La décarbonation de l’économie emportera celle des transports, pour se déplacer proprement. D’un côté, l’UE a voté l’exclusivité sur le marché des voitures électriques d’ici 2035. De l’autre, elle détruit le transport ferroviaire de voyageurs en ouvrant à la concurrence, comme nous le voyons avec les premières concessions de TGV en France. C’est un peu contradictoire, non ?

Bien sûr. Aujourd’hui l’Union européenne n’a pas de cap environnemental, et la question des transports l’illustre bien. En France, sur tout le territoire, les politiques européennes entraînent la fermeture de nombreuses “lignes de vie”, ces lignes de train qui permettent aux populations de se déplacer pour leurs activités quotidiennes.

Ces lignes sont une nécessité pour toute la population. Utile aux usagers, le rail est aussi utile écologiquement pour diminuer la circulation automobile et réduire la pollution, tant pour le transport des personnes que des marchandises.
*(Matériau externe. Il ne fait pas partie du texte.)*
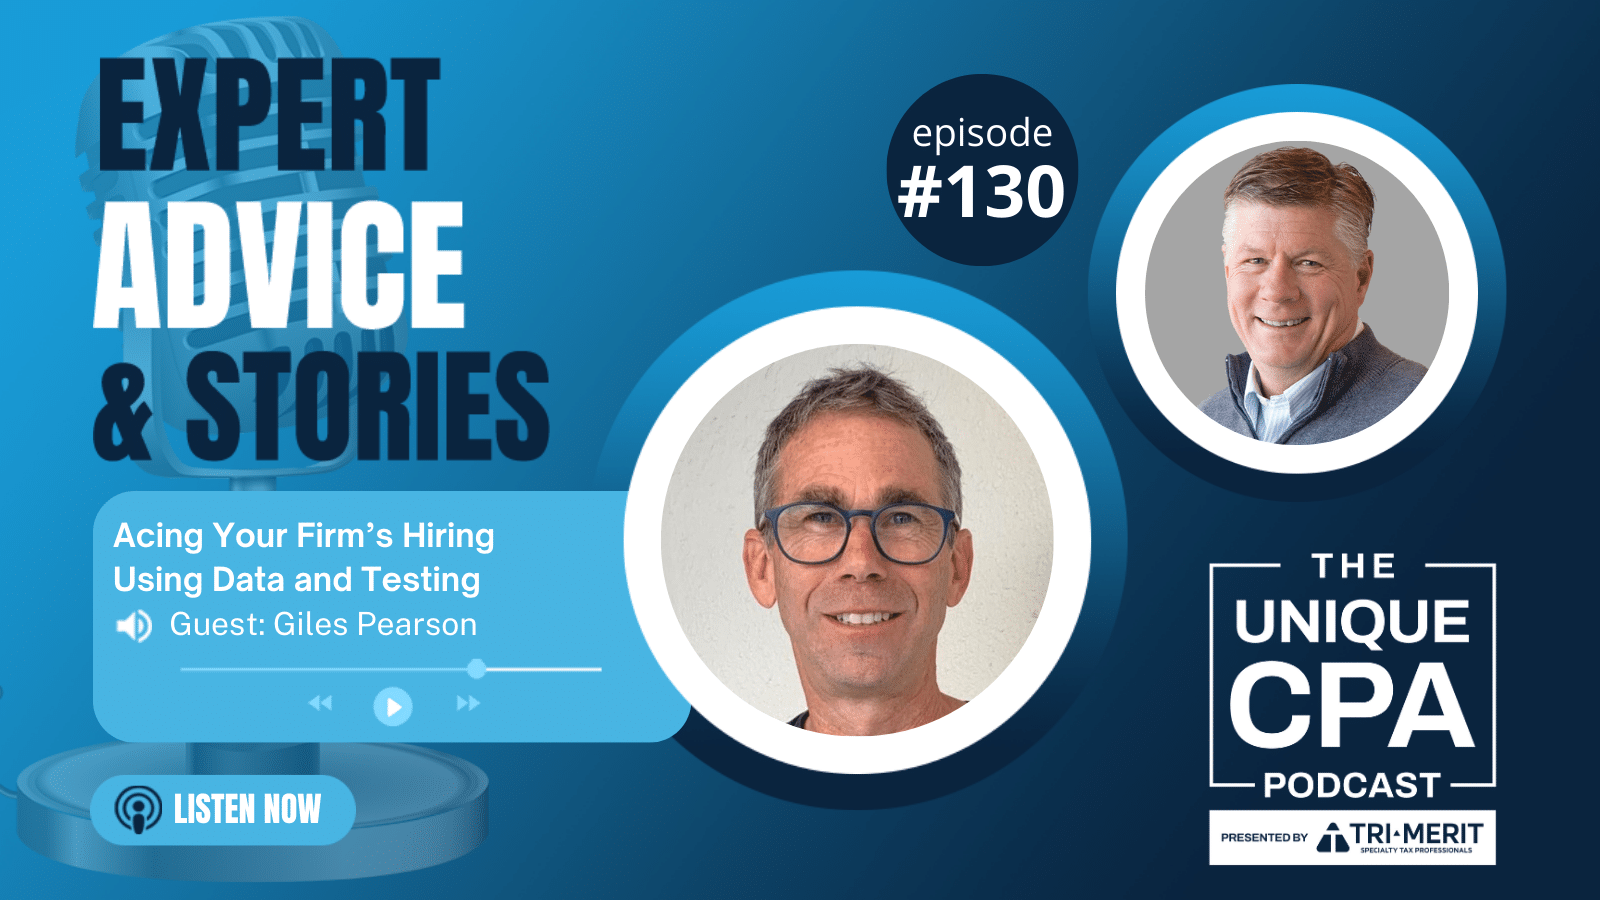 Unique Cpa Featured Image Ep 130 Giles Pearson - Acing Your Firm'S Hiring Using Data And Testing - Tri-Merit

Son développement est donc de nature à répondre au défi climatique.

Parallèlement, l’explosion des coûts énergétiques et le manque de stabilité en Europe dans la production d’électricité inquiètent quant à la possibilité de développer les voitures électriques. Aujourd’hui rien ne peut garantir la stabilité d’une telle ambition, pourtant essentielle à la décarbonation de nos déplacements.

Depuis quelques mois, tes positions en faveur de grandes infrastructures font débat à gauche. Quelle nécessité y a-t-il à mener des travaux pour une ligne ferrée entre Lyon et Turin, ou encore sur le canal Seine-Nord Europe ?

Face à l’urgence climatique, nous ne pouvons pas adopter une posture attentiste ou simplement décroissante. Les enjeux sont bien trop importants pour ne pas les prendre à bras le corps : nous devons porter une politique écologique populaire, rationnelle et ambitieuse.

Une écologie permettant à tout le monde d’y prendre sa part, sans contraindre et culpabiliser les individus, et surtout porteuse de grands travaux permettant de répondre aux impératifs sociaux, énergétiques et environnementaux. Les projets du Lyon-Turin et du canal Seine-nord Europe en sont un bon exemple. Ces infrastructures vont permettre de développer considérablement le fret fluvial et ferroviaire, et donc diminuer considérablement le nombre de camions sur les routes. À ce titre, le vote autorisant les super-camions de 60 tonnes est une aberration sans nom…

Je pense aussi au développement des projets de Ligne à Grande Vitesse (LGV), notamment entre Bordeaux et Toulouse, qui permettront de développer le transport bas carbone et de désenclaver les gares pour les trains du quotidien. Durant cette campagne, nous nous attelons à identifier et mettre en avant ces grands travaux utiles pour répondre aux besoins des populations et relever le défi climatique.